That was the opening line of the Ealing Gazette’s match report on the previous weekend’s goal-less draw against Swindon at Griffin Park in March 1993 – an apt match to reflect back on almost 20 years to the day prior to the forthcoming clash between the two teams.

Brentford 0 v Swindon Town 0 (Saturday 27th March 1993)

The encounter came with Brentford in the midst of one of the worst sequences of results in the Club’s recent history – a run which would ultimately end in a devastating relegation after just one season in the modern-day Championship. The previous 16 games had resulted in 13 defeats and one draw as the slide from the comfort of mid-table at Christmas had rapidly led to a desperate scrap to keep out of the bottom three but the visit of high-flying Swindon, who were sitting in 4th place, came on the back of a midweek victory at Grimsby Town.

Even so, optimism was low and although the majority of Bees fans in the 10,197 crowd would probably have settled for a 0-0 draw before the start, most left hugely disappointed after watching the team struggle to create chances, even after Swindon had had two men sent off in the first-half.

Glenn Hoddle’s team had acquired a reputation for being a cynical (better described as ‘dirty’ team) and that tag seemed to be proved correct early in the afternoon. Striker Steve White was the first to go, blatantly elbowing Keith Millen in a challenge on the halfway line. The blow left Millen dazed and unable to get up for several minutes, although Swindon’s players were quick to accuse him of play-acting.

Within minutes, White’s fellow-strike-partner Dave Mitchell went looking for retribution and his second foul, for a needless kick-out at Millen after the ball had gone, saw him deservedly ordered off.

Those two red cards should have been a turning point for Brentford and could have provided the spark to ignite a first home victory in nine attempts but instead it was the cue for the action to end and a scintillating opening spell was followed by a massively disappointing rest of the encounter. The irony was that when both teams had 11 men, Brentford looked particularly impressive.

Perhaps indicative of the pressure being felt by manager Phil Holder, the line-up for the game was a somewhat perplexing one, with Billy Manuel looking uncomfortable in a left-wing role as new signing Kenny Sansom made his debut at left-back whilst in the second period, recently-returned-from-injury Terry Evans was pushed up front to complement Gary Blissett and Marcus Gayle. The ploy failed miserably – and even more so following the 78th minute replacement of Evans by Murray Jones.

Phil Holder was understandably frustrated and disappointed after the final whistle, “The bottom line was we didn’t work hard enough. It makes it very difficult when a team has nine men in defence. I got the impression that we thought it was just going to happen but it doesn’t work that way. You have to work even harder than normal and we didn’t. I was disappointed with our lack of urgency.”

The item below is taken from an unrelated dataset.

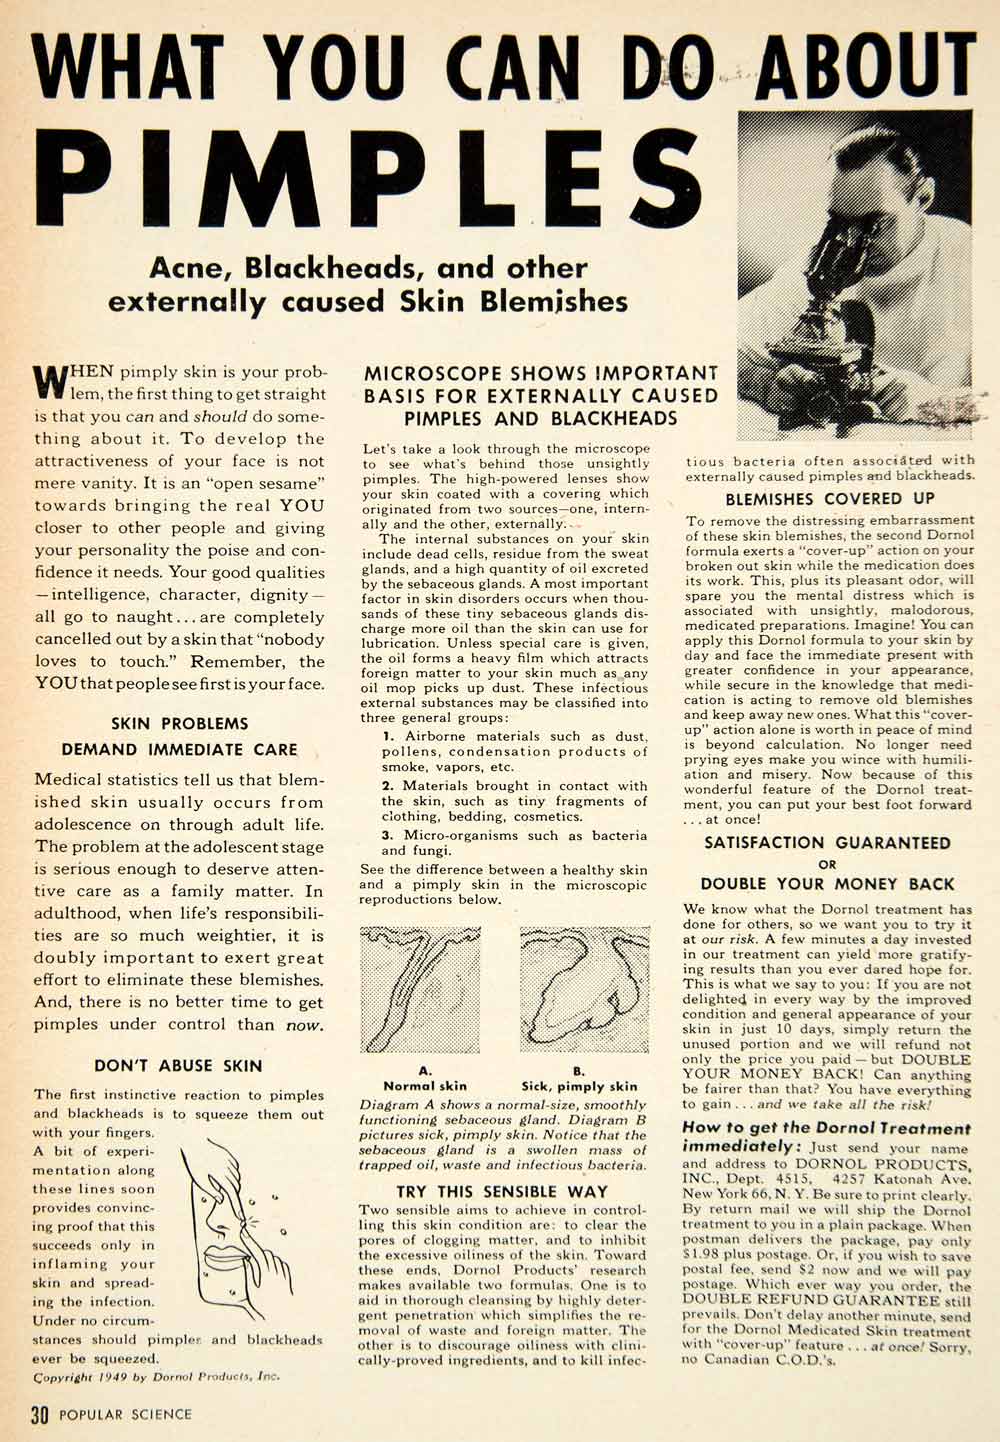 1950 Ad Dornol 4357 Katonah Ave Pimples Acne Skin Care Hygiene Medicated PSC2

Holder did, however, reserve some praise for one of his players, “I thought the young left-back did quite well” he said, referring to 34-year old former Crystal Palace, Arsenal, Newcastle, QPR, Coventry and Everton defender Kenny Sansom. The ex-England full-back, with 86 international caps under his belt, had arrived a few days earlier to replace the unfortunate Chris Hughton who had been forced into retirement through injury. Sansom’s stay proved to be brief, uneventful and pretty much forgettable.